その際お尻を叩かれた事、後から来たベートと挟撃を仕掛けた事、それを完璧に避けられた事、その後すぐにミノタウロスに捕まって振り回された事。

そこでアイズは気絶したために続きはなかった。

 

多少の差異はあるが話の内容が一致し、ベルの話が嘘ではなかったのが証明された。

同時にフィンやリヴェリアは改めてベルに礼を言う、団員を連れて帰ってくれてありがとう、と。
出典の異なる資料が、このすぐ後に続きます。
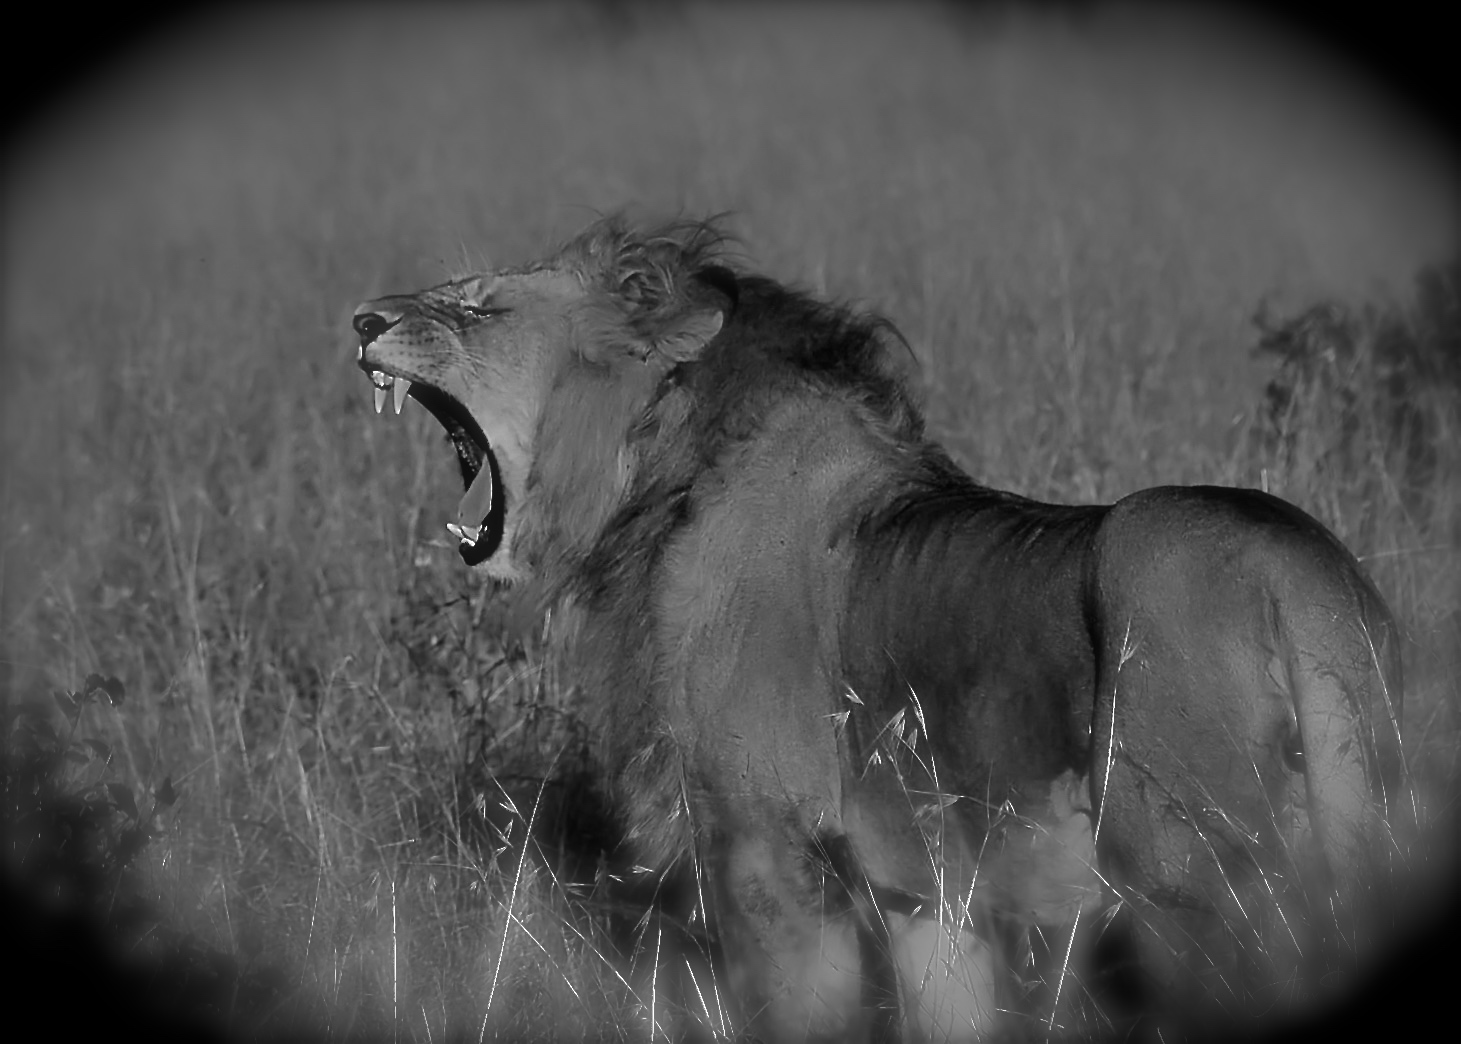 ©Alex Strachan - Maasai Mara National Reserve, Kenya

ベルも逆に萎縮して頭を何度も下げた、二人が来てくれなければ間違いなく死んでいたのだから、と。

 

その後ベルがダンジョンの外に出られた事による情報の付加価値やら、アイズとベートのLvの話でベルが仰天したりと。

ギルドに即対応してもらえるようロキ・ファミリアの主神を介して訴えかけたりと波乱の一日が終わった。

そうした翌日にはギルド本部前の立て札に大々的に最上位の危険な情報が張り出された。

 

『黒い肌に赤い毛のミノタウロスを見かけたら絶対に手を出さず逃げる事』と。

 

そうしてギルド本部はその変異型ミノタウロスに固有の名前を付けた。

Lv.5も退ける【黒焔のアステリオス】と。




主人公の()はブモブモ言ってて言葉になってません。
原作のベルを襲ったミノちゃんはすでに魔石になってます。